Class Exercises (40 mins)

  1. Filter the data to include only loans where loan_type is "home-loan". Print the filtered rows.
  2. Write the filtered data (including the header) to a new CSV file called home_loans.csv.
  3. What happens if you forget to close the file after writing? Try it and see if you get an error or warning.
  4. Add a new column to each row called overdue_fee (assume each day over 14 costs $0.25). Write the updated data to a new CSV file.
  5. Try reading a CSV file that is missing a column in one row. What happens? How could you handle this?
  6. Change your code to skip rows that are missing data, and write only the complete rows to a new file.

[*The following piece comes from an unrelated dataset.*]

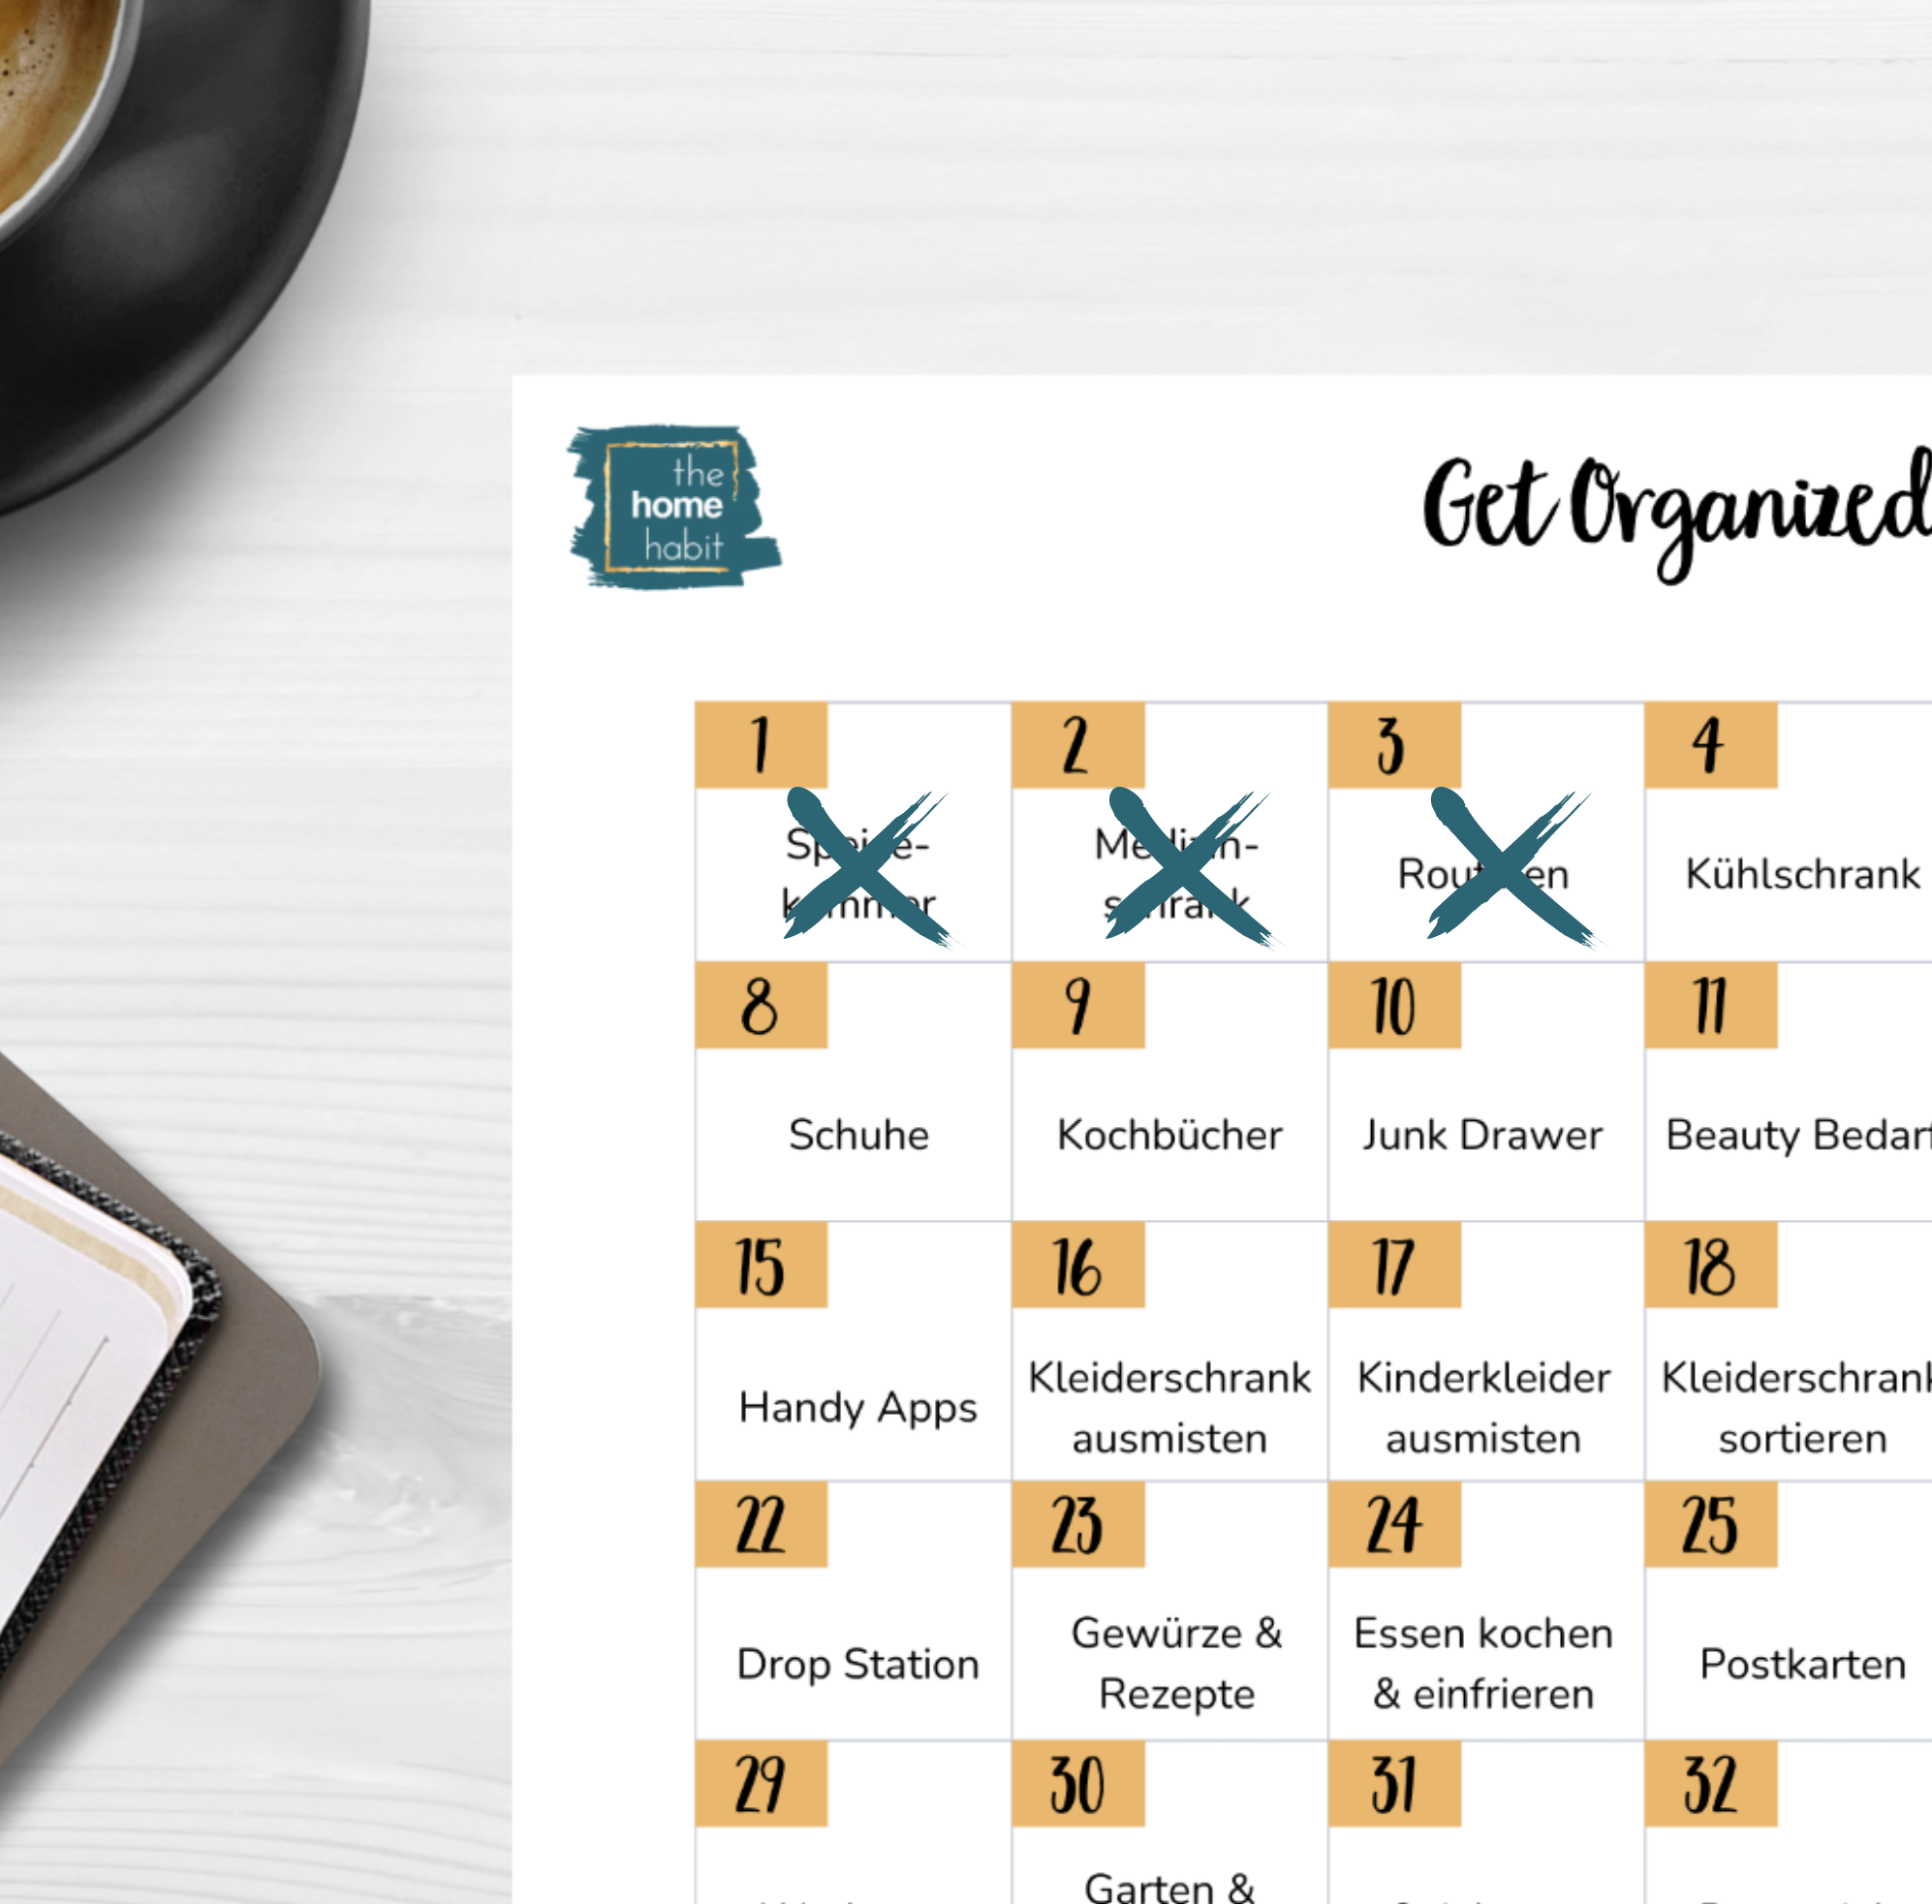 Get Organized Guide
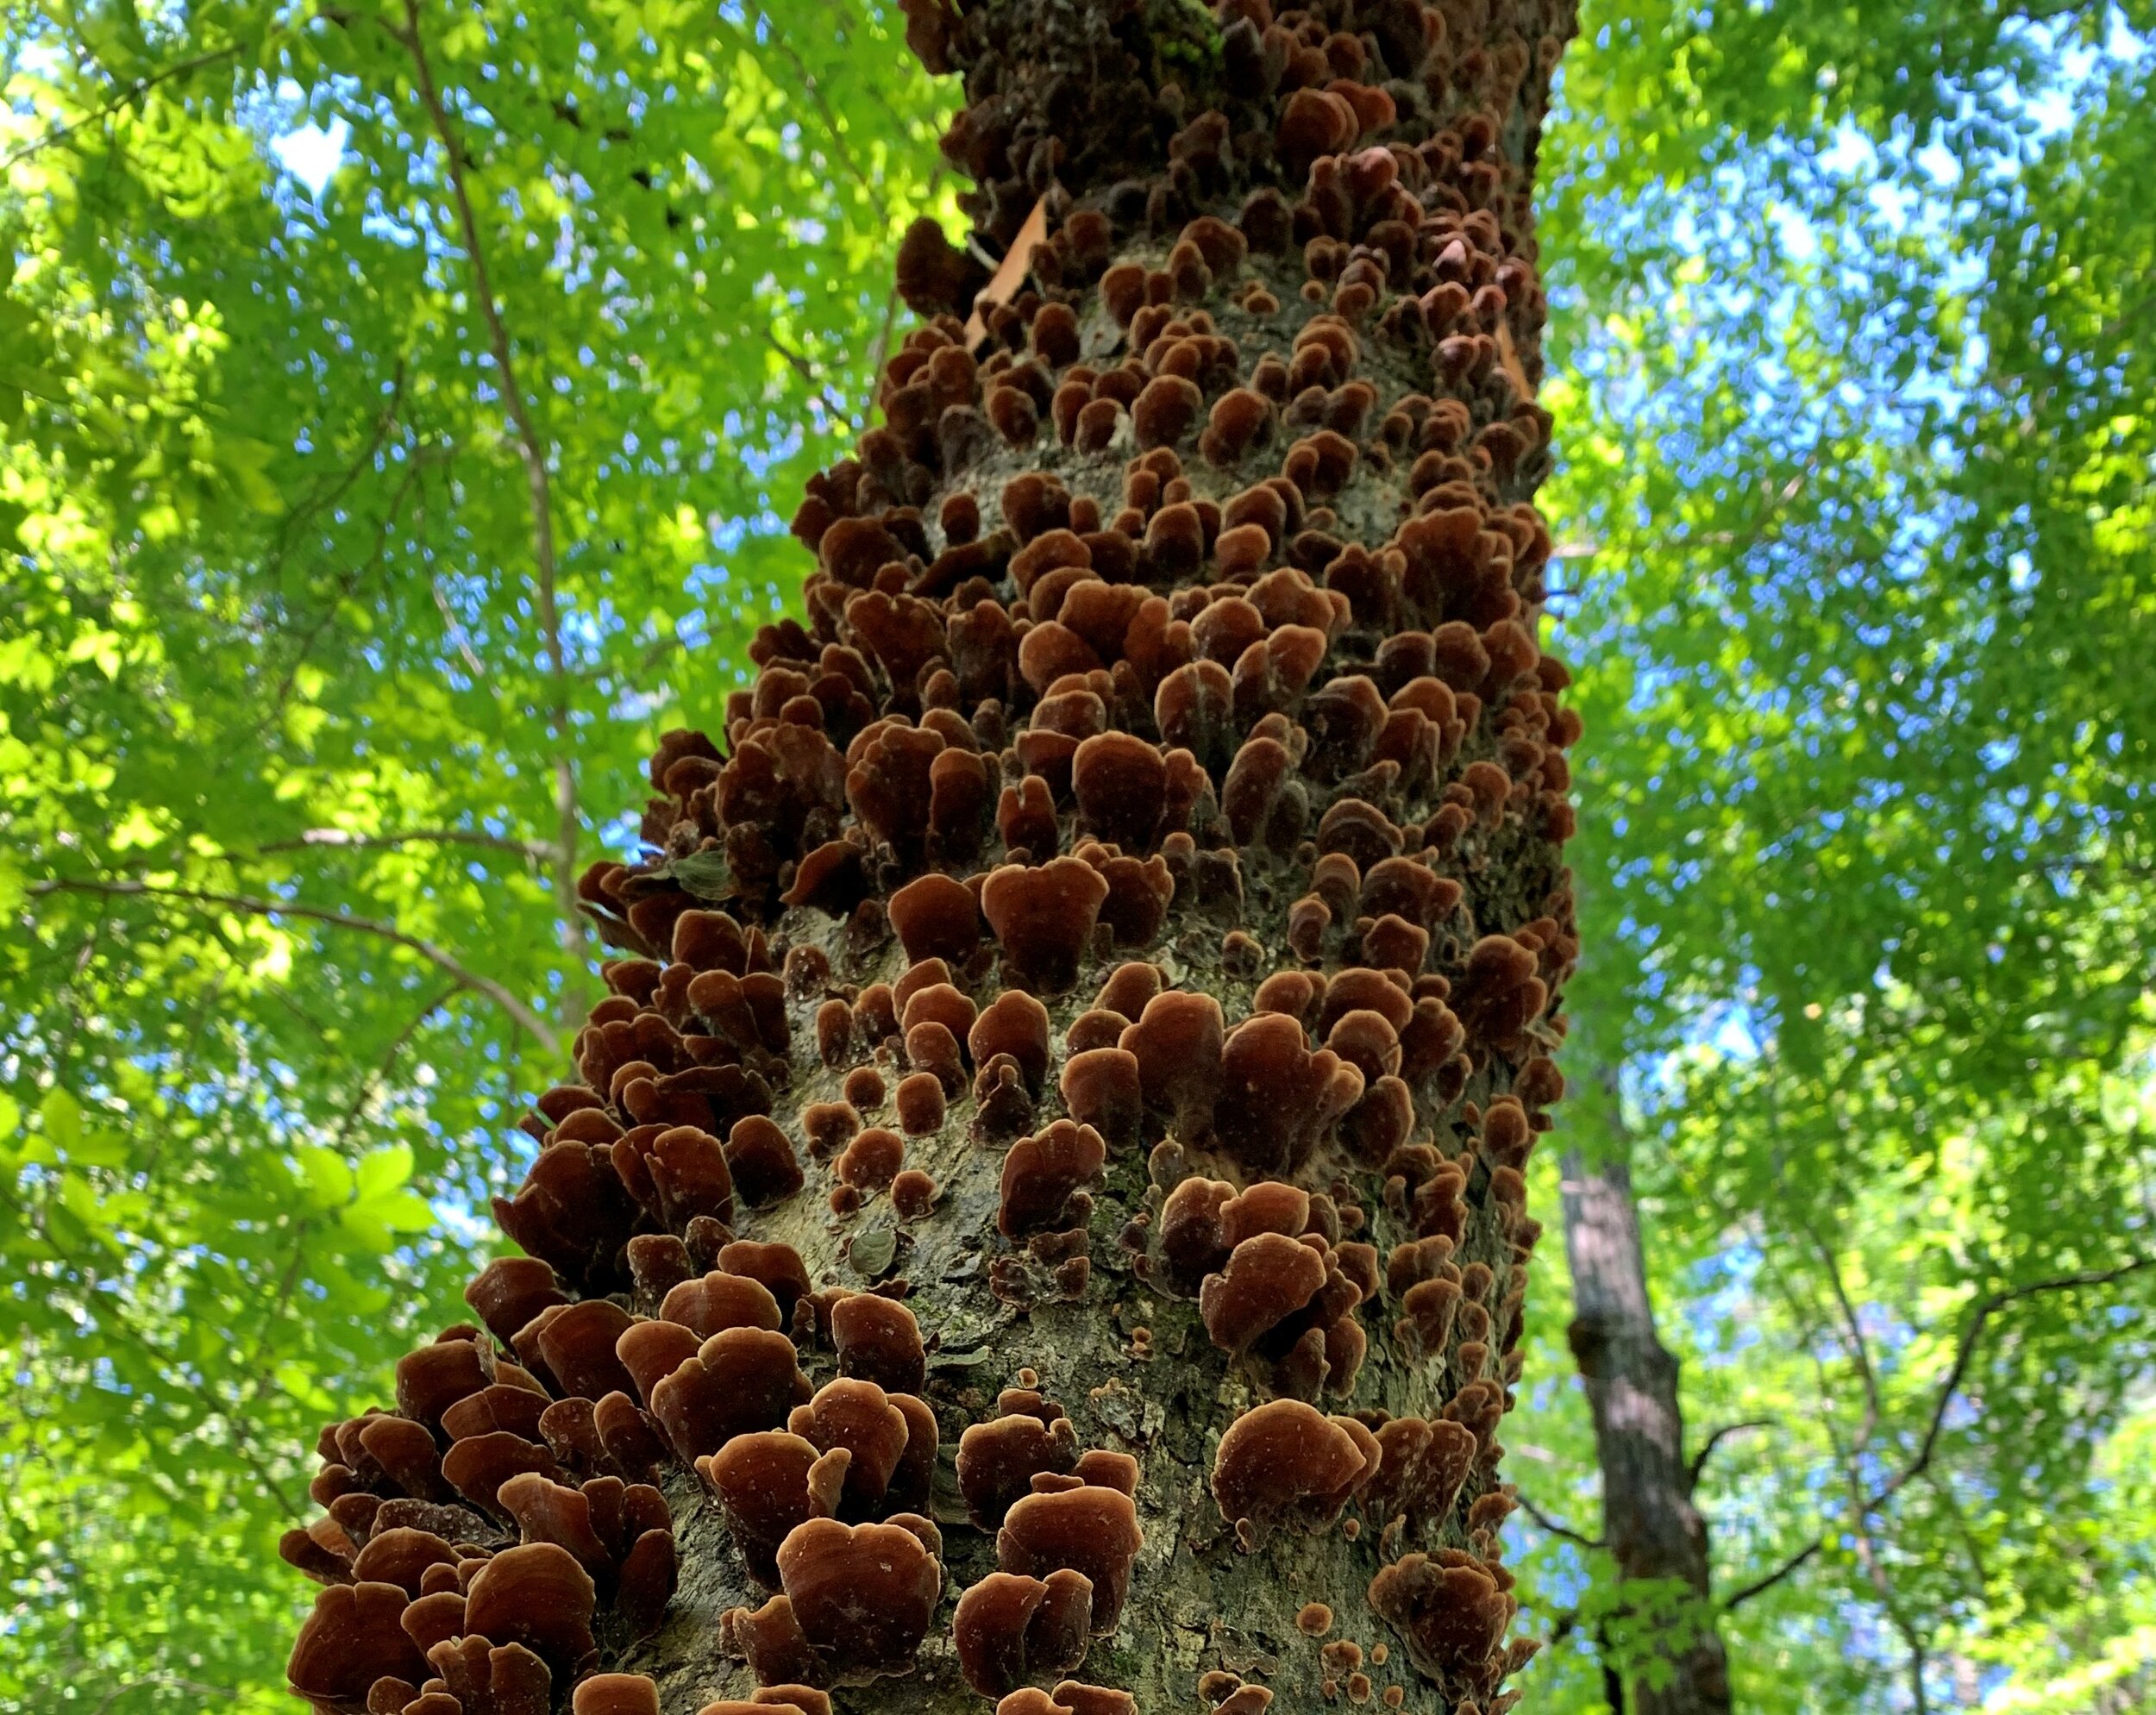  This tree fungus in Alabama was interesting to me. It typically grows on dead or dying trees and is a part of the cycle of life in the forest. The fungi themselves have rings that indicate how old they are. Some fungi are thriving at 30-50 years old

Print a warning for each skipped row.
  7. Write code to count the total number of loans in the file (excluding the header).
  8. Write code to count how many loans are for each unique loan_type (e.g., in-library, home-loan).
  9. Write code to find the book_title with the highest total days borrowed across all rows.
  10. Write code to filter for loans where days is greater than 21, and write these rows (with the header) to a new CSV file called long_loans.csv.
  11. Write code to compute the total overdue fees (sum of overdue_fee) for all loans, assuming each day over 14 costs $0.25.
  12. Write code to find and print all unique borrower names in the file.
  13. Write code to sort the loans by days (largest first) and write the sorted data (with header) to a new CSV file called sorted_loans.csv.
  14. (Optional) Write code to add a new column called duration_label that is "short" if days ≤ 7, "medium" if days is 8–14, and "long" otherwise, and write the updated data to a new CSV file.

Wrap-up (5 mins)

  • Manual file I/O gives you insight into how data is read, cleaned, filtered, and written in Python.
  • Libraries like Pandas automate these steps, but it’s important to understand what’s happening behind the scenes.